The inverse of $\begin{bmatrix}2 & -3 \\-4 & 2 \end{bmatrix}$ is
A. $\dfrac{-1}{8}\begin{bmatrix}2 & 3 \\ 4 & 2 \end{bmatrix}$
B. $\dfrac{-1}{8}\begin{bmatrix}3 & 2 \\ 2 & 4 \end{bmatrix}$
C. $\dfrac{1}{8}\begin{bmatrix}2 & 3 \\ 4 & 2 \end{bmatrix}$
D. $\dfrac{1}{8}\begin{bmatrix}3 & 2 \\ 2 & 4 \end{bmatrix}$

Answer 1

Hint: Inverse of the matrix can be determined by first calculating the value of the determinant of the given matrix. Afterward, determine the co-factor matrix in order to find the adjoint of the given matrix. Finally, substitute both these values in the required formula to determine the inverse of the matrix.

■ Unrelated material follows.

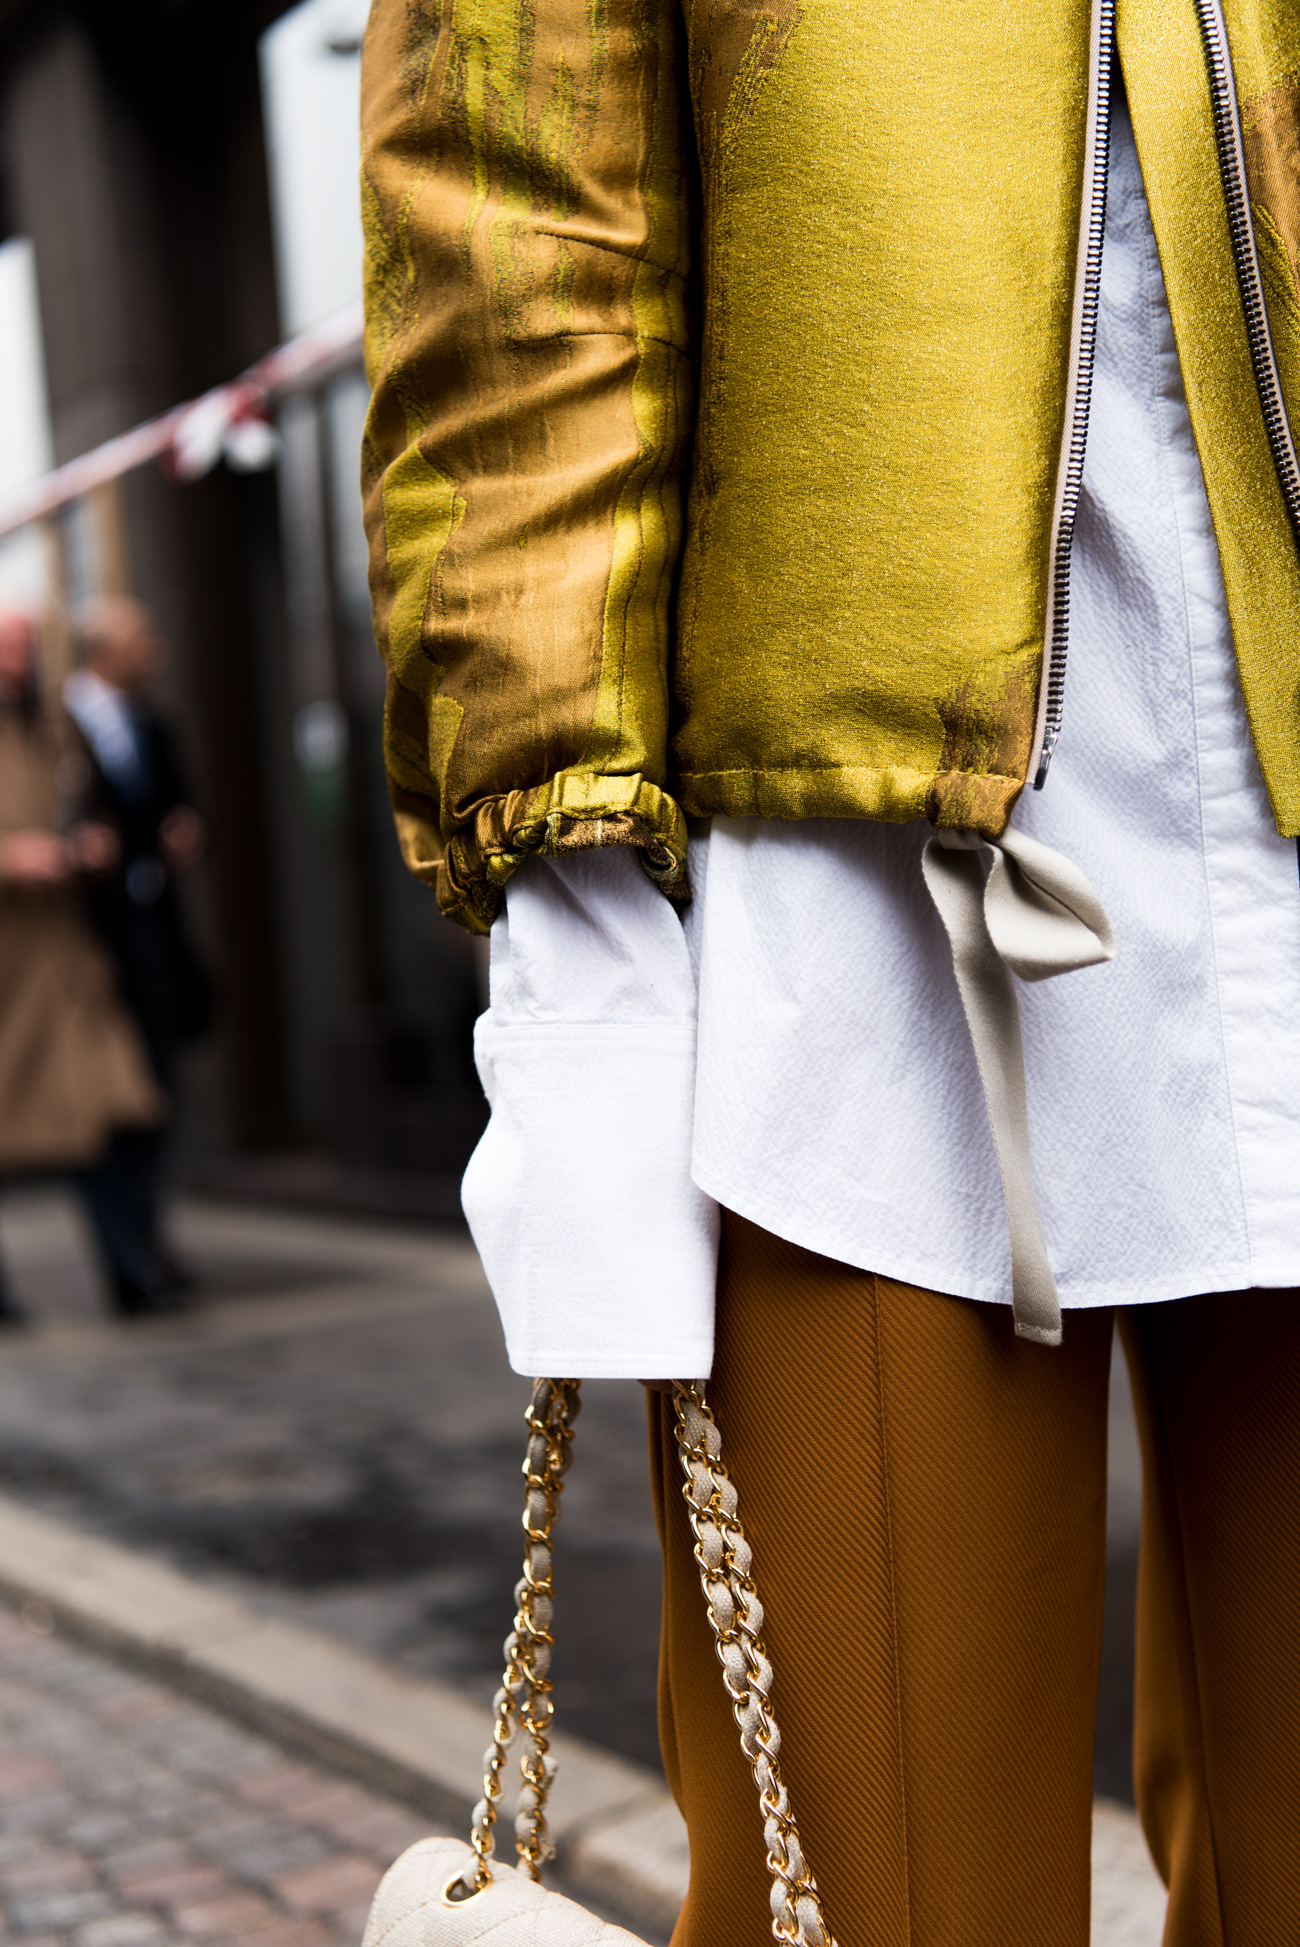 milan-fashion-week-streetstyle-layering-bomber-jacke-dorothee-schumacher-nina-schwichtenberg-fashiioncarpet

Formula used: $A^{-1}=\dfrac{adj\lgroup~A\rgroup}{\det\lgroup~A\rgroup}$
$C_{ij}=\lgroup-1\rgroup^{i+j}\det\lgroup~M_{ij}\rgroup$

Complete step by step solution: The given matrix, in accordance with the question, is,
$\begin{bmatrix}2 & -3 \\-4 & 2 \end{bmatrix}$
Consider the given matrix to be A.
Let us now determine the determinant of the given matrix A.,
$\begin{vmatrix} 2 & -3 \\ -4 & 2 \end{vmatrix}$
Now,
$|A|=2\times2-\lgroup-3\rgroup\times\lgroup-4\rgroup$
$\Rightarrow|A|=4-12=-8$
We must now find the adjoint of matrix A. To determine the adjoint of matrix A, first, find the cofactor matrix of a given matrix A and afterward take the transpose of the cofactor matrix.
The cofactor of the matrix can be obtained as:
$C_{ij}=\lgroup-1\rgroup^{i+j}\det\lgroup~M_{ij}\rgroup$
Here, $M_{ij}$ denotes the $\lgroup~i,j\rgroup^{th}$ minor matrix after eliminating the ith row and jth column.
Now, the Cofactor of matrix A can be written as:
$\begin{bmatrix}c_{11} & c_{12} \\c_{21} & c_{22} \end{bmatrix}=\begin{bmatrix}2 & -\lgroup-4\rgroup \\-\lgroup-3\rgroup & 2 \end{bmatrix}$
This implies,
$\begin{bmatrix}c_{11} & c_{12} \\c_{21} & c_{22} \end{bmatrix}=\begin{bmatrix}2 & 4 \\3 & 2 \end{bmatrix}$
Thus, the adjoint of the matrix A is,
$adj\lgroup~A\rgroup=\begin{bmatrix}2 & 3 \\4 & 2 \end{bmatrix}$
The inverse of a matrix can be determined by the following formula,
$A^{-1}=\dfrac{adj\lgroup~A\rgroup}{\det\lgroup~A\rgroup}$
The value of adjoint A and the determinant A are already determined. After substituting these values in the above formula we get,
$A^{-1}=\dfrac{-1}{8}\begin{bmatrix}2 & 3 \\4 & 2 \end{bmatrix}$

Thus, Option (A) is correct.

Note: It should be emphasized that in order to find the inverse matrix, the square matrix must be non-singular which is to have a determinant value that is not zero. The new matrix obtained by interchanging the rows and columns of the previous matrix is described as the matrix transpose.